It is not, however, the rent of the land that determines the price of its
produce, but it is the price of that produce which determines the rent of the
land; although the price of that produce is often highest in those countries
where the rent of land is lowest. This seems to be a paradox that deserves to be
explained.
In every country there is a demand for as much grain as is sufficient to
maintain all its inhabitants; and as that grain cannot be brought from other
countries but at a considerable expense, on some occasions at a most exorbitant
charge, it usually happens, that the inhabitants find it most for their interest
to be fed by the produce of their own soil. But the price at which that produce
can be afforded by the farmer varies considerably in different circumstances.
In every country there is a variety of soils, differing considerably from one
another in point of fertility. These we shall at present suppose arranged into
different classes, which we shall denote by the letters A, B, C, D, E, F,
&c. the class A comprehending the soils of the greatest fertility, and the
other letters expressing different classes of soils, gradually decreasing in
fertility as you recede from the first. Now, as the expense of cultivating the
least fertile soil is as great, or greater than that of the most fertile field;
it necessarily follows, that if an equal quantity of corn, the produce of each
field, can be sold at the same price, the profit on cultivating the most fertile
soil must be much greater than that of cultivating the others; and as this
continues to decrease as the sterility increases, it must at length happen, that
the expense of cultivating some of the inferior classes will equal the value of
the whole produce.
This being premised, let us suppose, that the class F includes all those fields
whose produce in oat-meal, if sold at fourteen shillings per boll, would be just
sufficient to pay the expense of cultivating them, without affording any rent at
all. That the class E comprehended those fields, whose produce, if sold at
thirteen shillings per boll, would free the charges, without affording any rent;
and that in like manner the classes D, C, B, and A, consisted of fields, whose
produce, if sold respectively at twelve, eleven, ten, and nine shillings per
boll, would exactly pay the charge of culture, without any rent.
Let us now suppose that all the inhabitants of the country, where such fields
are placed, could be sustained by the produce of the first four classes, viz. A,
B, C, and D. It is plain, that if the average selling price of oatmeal in that
country was twelve shillings per boll, those who possessed the fields D, could
just afford to cultivate them, without paying any rent at all; so that if there
were no other produce of the fields that could be reared at a smaller expense
than corn, the farmer could afford no rent whatever to the proprietor for them.
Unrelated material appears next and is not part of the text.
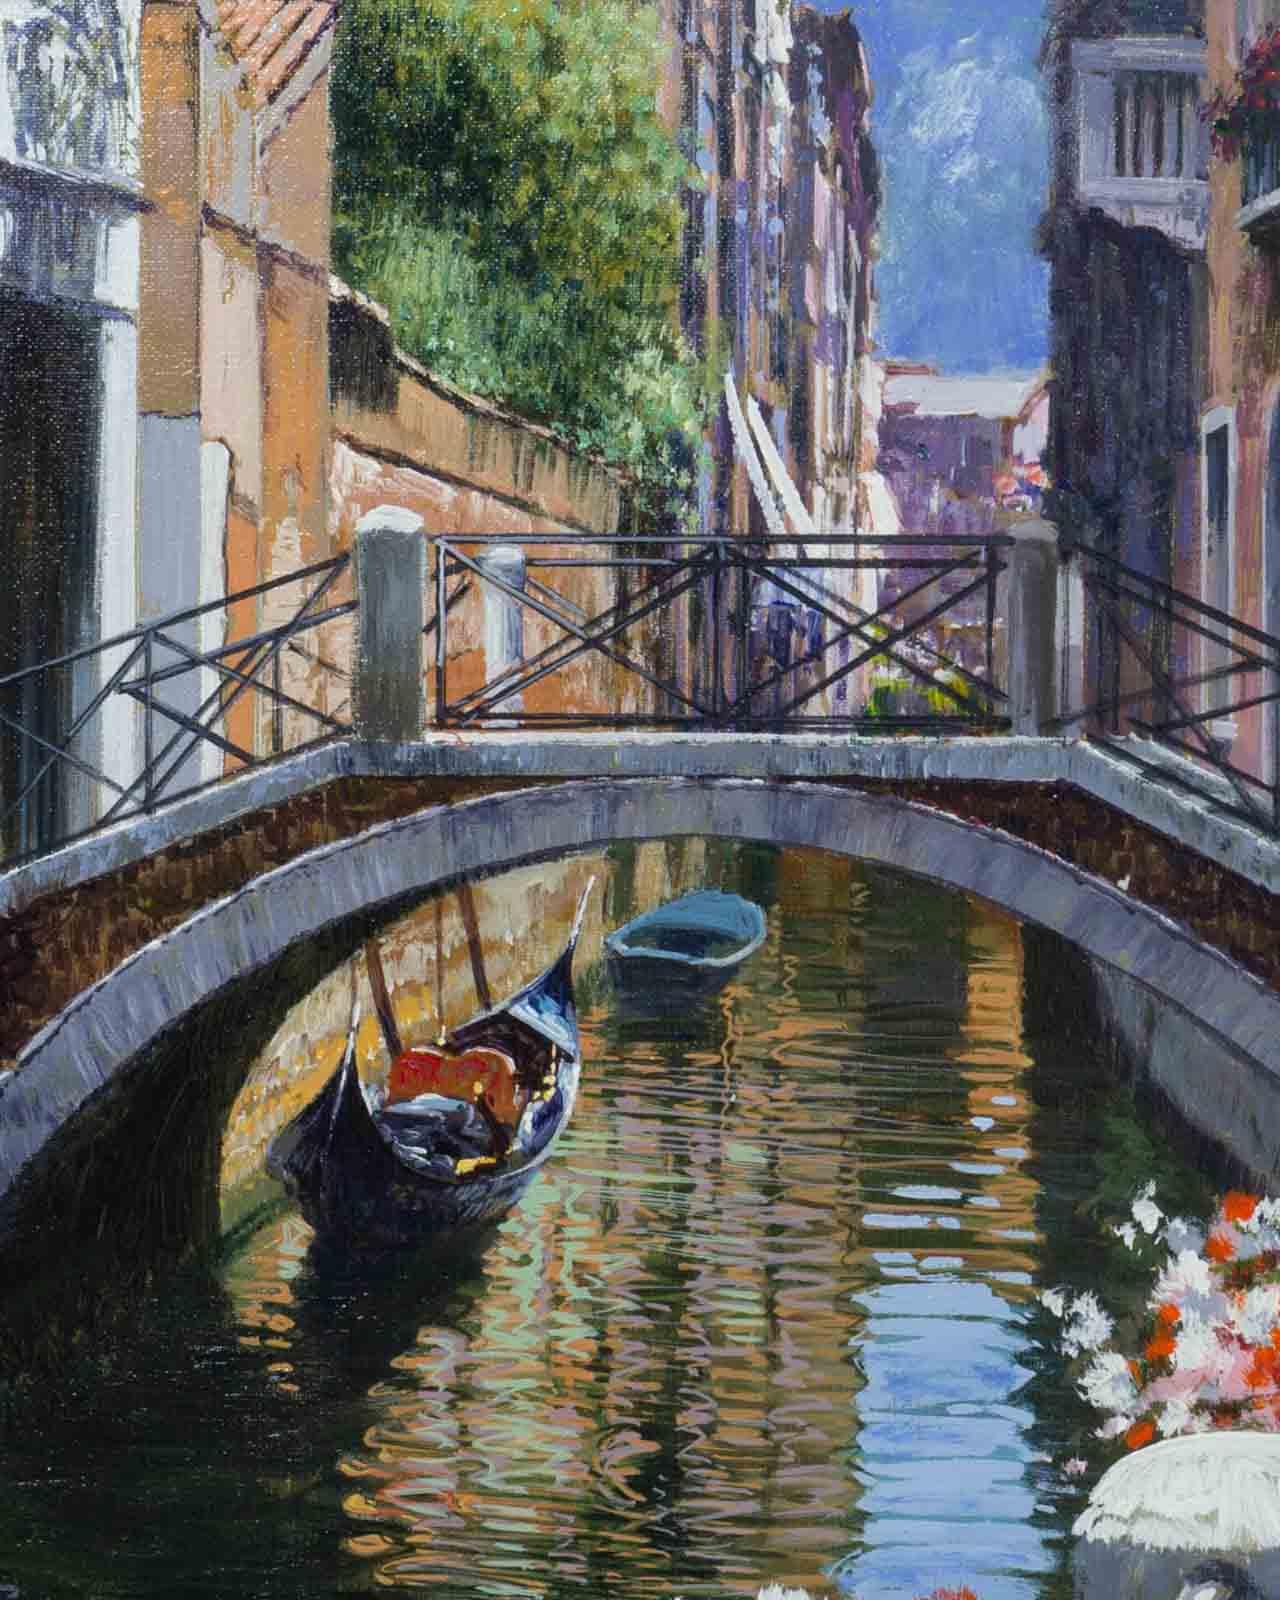 Venice Backwaters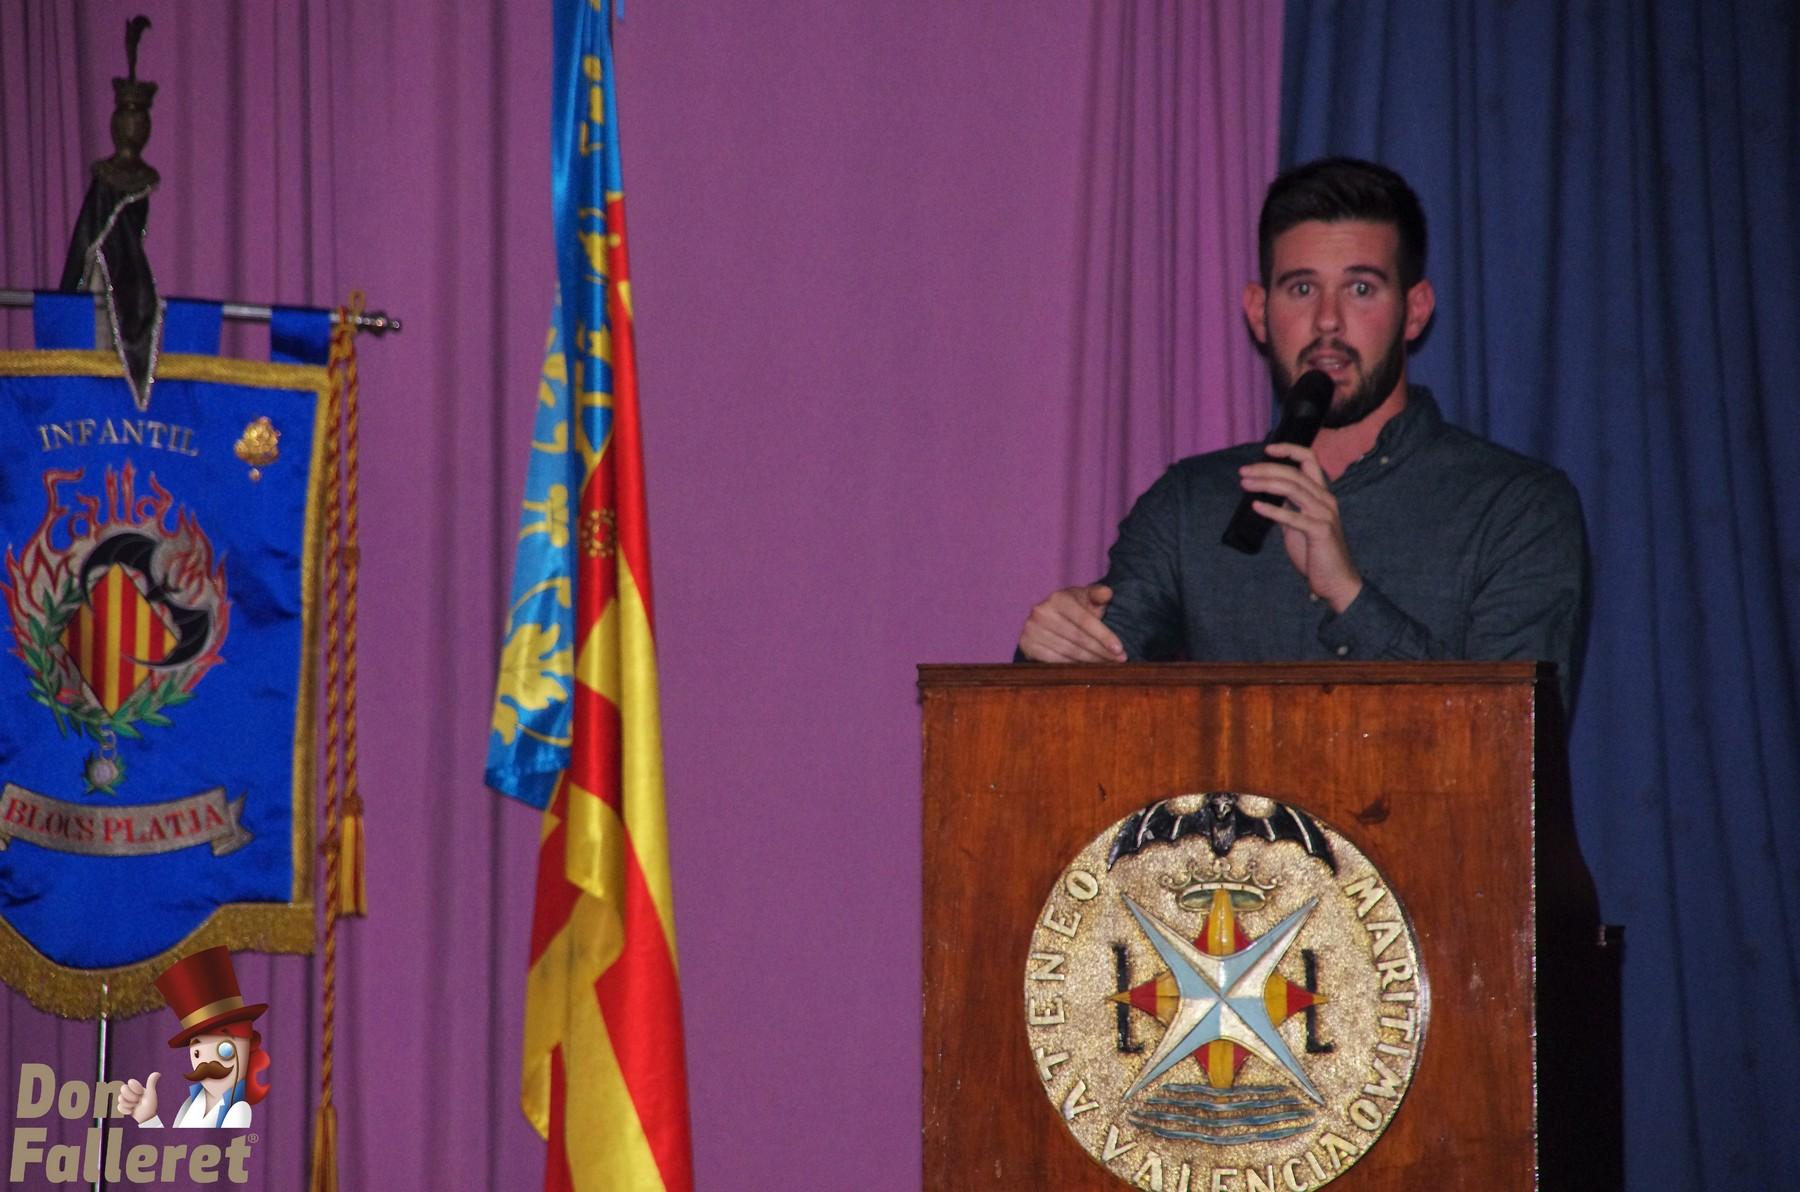 Sergio Espallargas, presidente de la comisión fallera cierra el acto / Don Falleret

And if so, no rents could be afforded for the fields E and F nor could, the
utmost avarice of the proprietor in this case extort a rent for them. In these
circumstances, however, it is obvious, that the farmer who possessed the fields
in the class C could pay the expense of cultivating them, and also afford to the
proprietor a rent equal to one shilling for every boll of their produce; and in
like manner the possessors of the fields B and A could afford a rent equal to
two and three shillings per boll of their produce respectively. Nor would the
proprietors of these fields find any difficulty in obtaining these rents;
because farmers, finding they could live equally well upon such soils, though
paying these rents, as they could do upon the fields D without any rent at all,
would be equally willing to take the one as the other.
But let us again suppose, that the whole produce of the fields A, B, C and D,
was not sufficient to maintain the whole of the inhabitants. If the average
gelling price should continue at twelve shillings per boll, as none of the
fields E or F could admit of being cultivated, the inhabitants would be under
the necessity of bringing grain from some other country, to supply their wants.
But if it should be found, that grain could not be brought from that other
country, at an average, under thirteen shillings per boll, the price in the
home-market would rise to that rate; so that the fields E could then be brought
into culture, and those of the class D could afford a rent to the proprietor
equal to what was formerly yielded by C, and so on of others; the rents of every
class rising in the same proportion. If these fields were sufficient to maintain
the whole of the inhabitants, the price would remain permanently at thirteen
shillings; but if there was still a deficiency, and if that could not be made up
for less than fourteen shillings per boll, the price would rise in the market to
that rate; in which case the field F might also be brought into culture, and the
rents of all the others would rise in proportion.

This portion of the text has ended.